# Bred Bitch Diets



## Howard Gaines III (Dec 26, 2007)

Just bred my female Bouv and wondering about any good diets and how they may help later on. Had no issues before but always looking for that new thing. Higher fat diets any good?


----------



## Anne Vaini (Mar 15, 2007)

Besides increasing the energy content of the food appropriately to meet her growing energy requirements (and growing belly!), include carbohydrates, at least toward the end. Exclusion of carbohydrates from a pregnant bitches diet decreases pup survival. 

I'm not patient enough today to dig out the references of studies that have been done on this. Maybe someone else will do that and we'll get an idea of how-much-is-enough carbohydrate to prevent a high litter mortality rate.


----------



## Connie Sutherland (Mar 27, 2006)

John Hilton in the Canadian Vet Review said that while dogs can supply their own glucose needs from amino acids, and that puppies fed carb-free diets maintain normal blood glucose concentrations, still pregnant and lactating bitches have increased need for quick supplies of glucose, and benefit from carb additions, and yes, that hypoglycemia in the no-carb mother at whelping time caused higher puppy mortality.

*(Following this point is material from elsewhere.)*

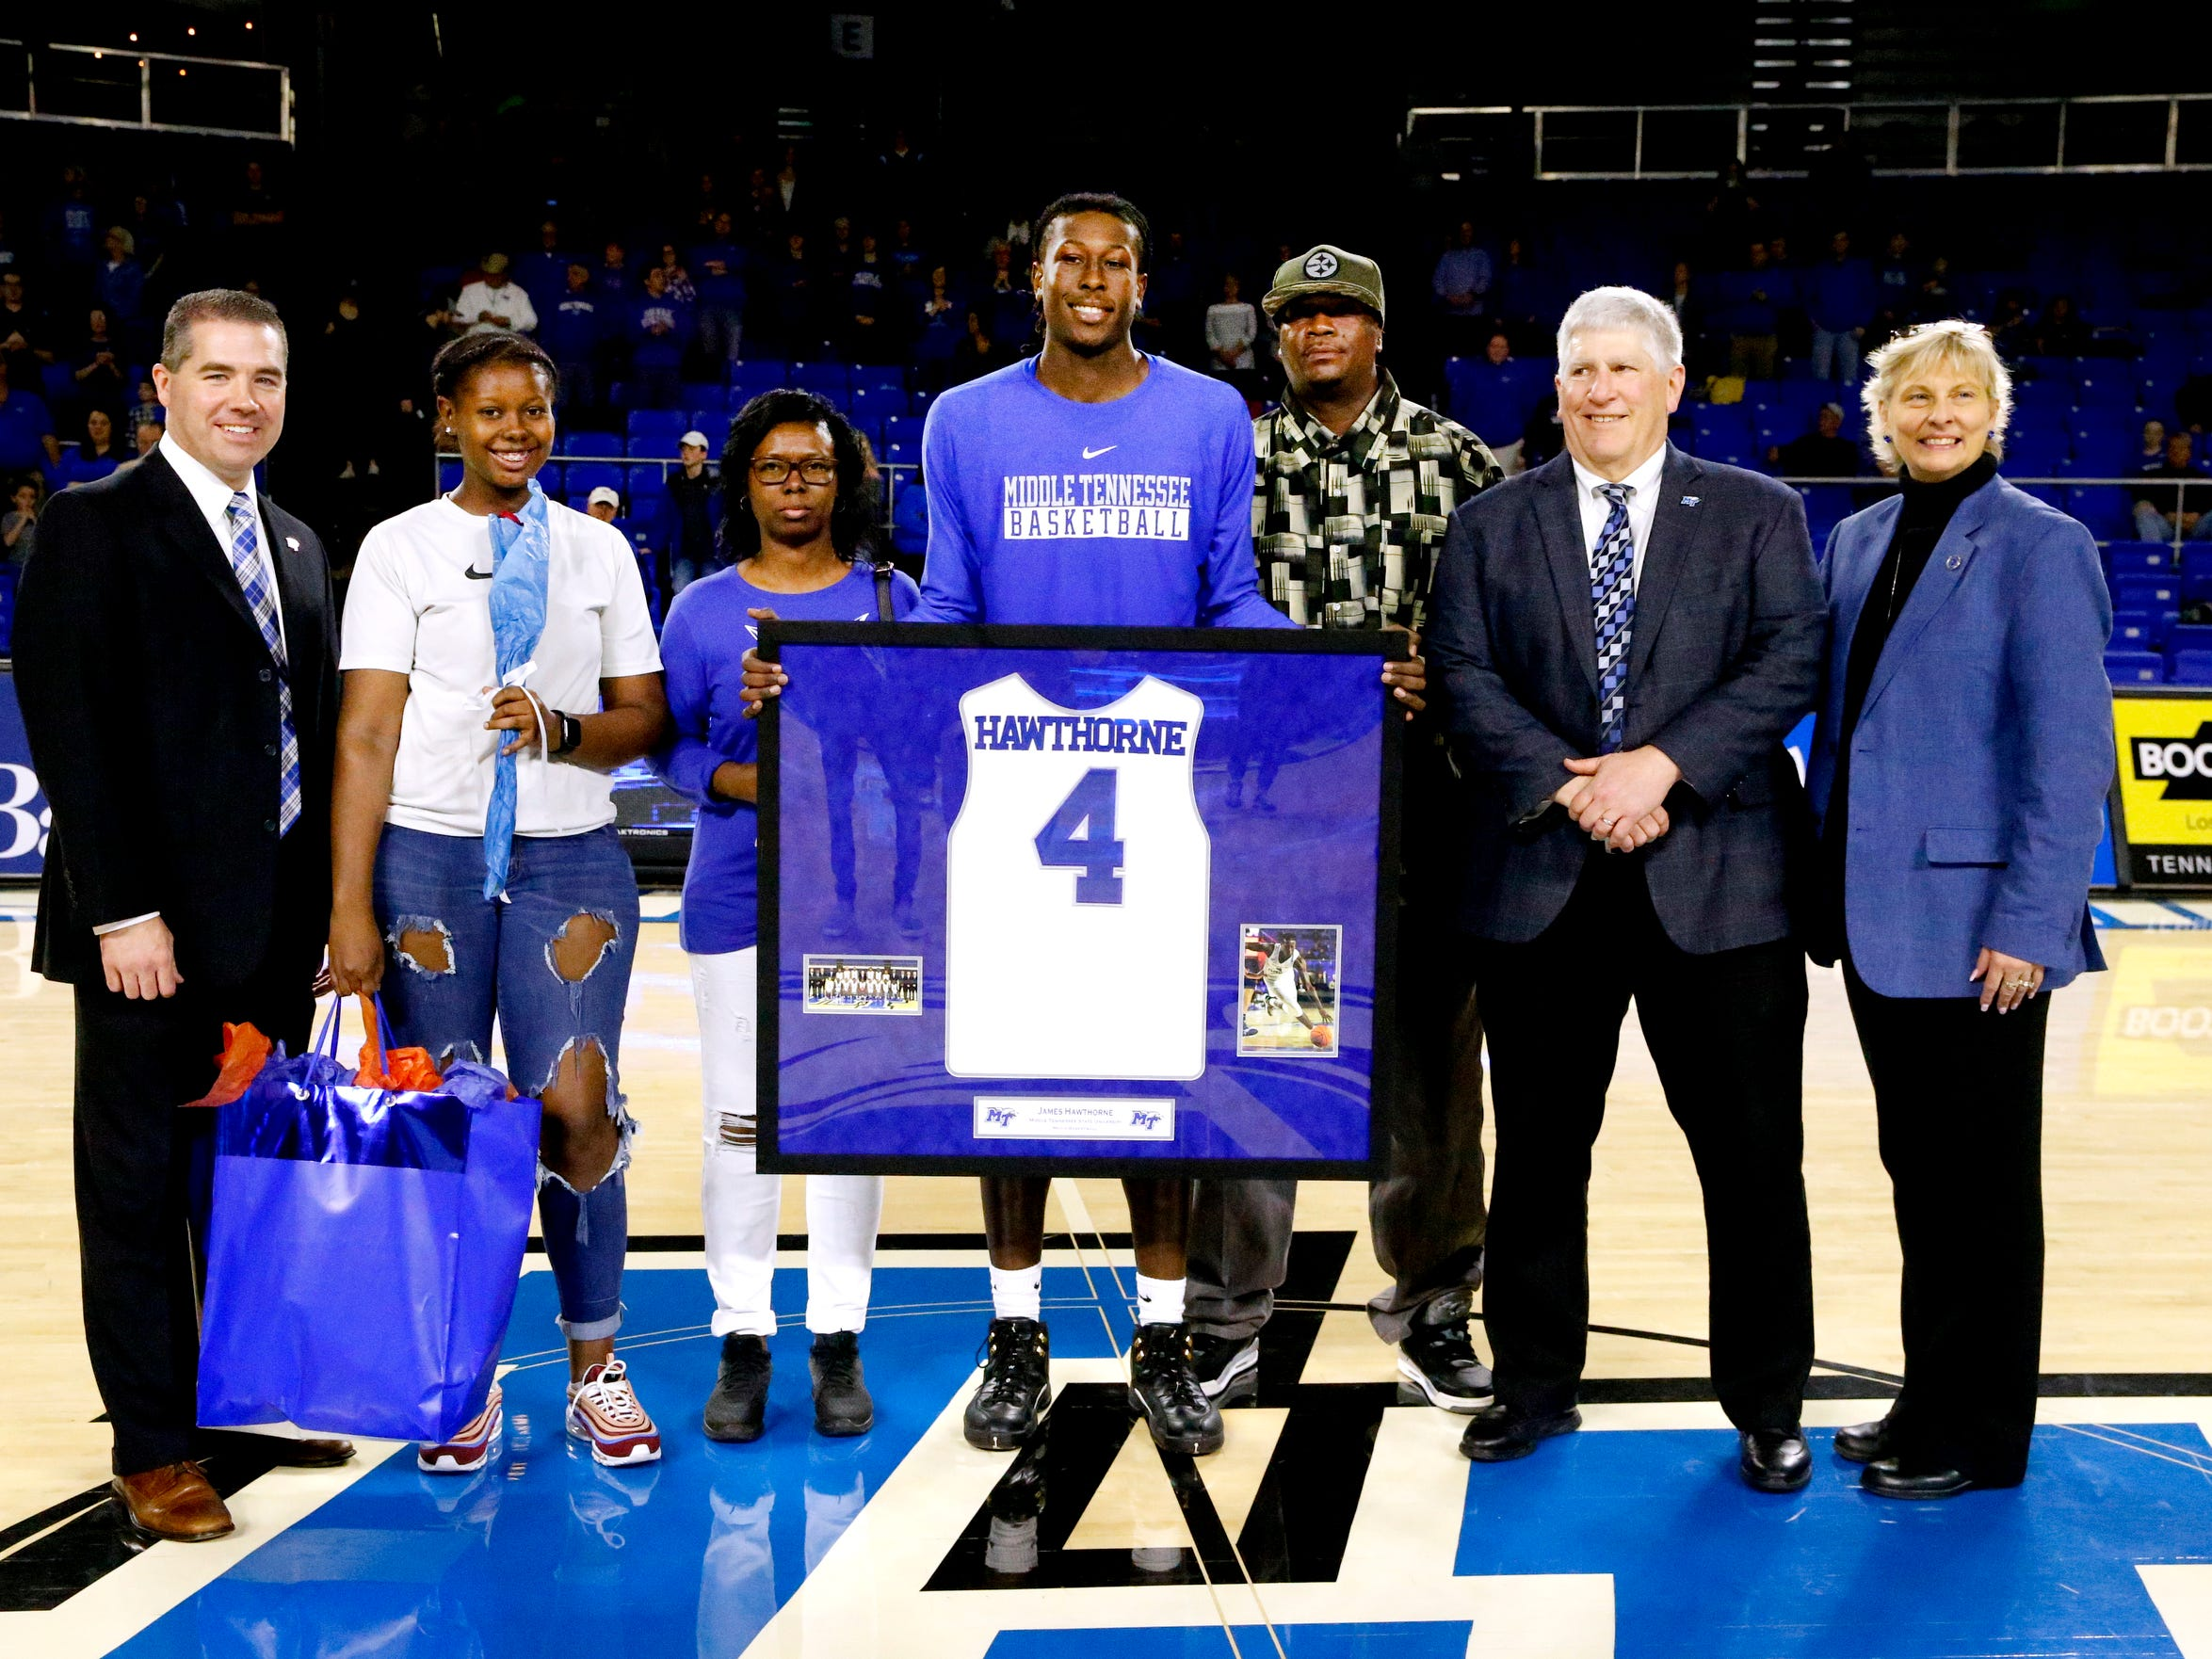 MTSU senior forward James Hawthorne (4) was honored during MTSU's senior night before the game against UTEP on Saturday, March 9, 2019, at Murphy Center in Murfreesboro, Tenn.

He also said that higher protein in later pregnancy worked as well in other studies as the addition of carbs to prevent that hypoglycemia and related pup deaths.

I don't have the citation or text, but maybe Maren will see this.


----------



## Lynn Cheffins (Jul 11, 2006)

I don't change the diet (raw) all that much until later in the pregnancy - not good to have an overfat bitch. I adjust( increase) as she gets farther on in pregnancy. When she gets a large load of puppies on I spit into smaller meals as sometimes they won't eat all their daily requirement in one shot (getting crowded in there!).
After whelping is when they really need the grub put to them.


----------



## Maren Bell Jones (Jun 7, 2006)

Connie Sutherland said:


> John Hilton in the Canadian Vet Review said that while dogs can supply their own glucose needs from amino acids, and that puppies fed carb-free diets maintain normal blood glucose concentrations, still pregnant and lactating bitches have increased need for quick supplies of glucose, and benefit from carb additions, and yes, that hypoglycemia in the no-carb mother at whelping time caused higher puppy mortality.
> 
> He also said that higher protein in later pregnancy worked as well in other studies as the addition of carbs to prevent that hypoglycemia and related pup deaths.
> 
> I don't have the citation or text, but maybe Maren will see this.

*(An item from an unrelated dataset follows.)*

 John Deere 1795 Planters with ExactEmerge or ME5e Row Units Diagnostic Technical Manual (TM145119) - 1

I don't have the citation either (I don't have a copy of Small Animal Clinical Nutrition IV, but I'm pretty sure it's in there...incidentally, they're supposed to be coming out with SACN V soon, yay), but yeah, late gestation and lactation is the one life stage in canines where carbs are needed. For other life stages, dogs and cats can do gluconeogenesis and essentially make glucose biochemically. Now, whether a small amount of carbs can be helpful is a different discussion, as we know.  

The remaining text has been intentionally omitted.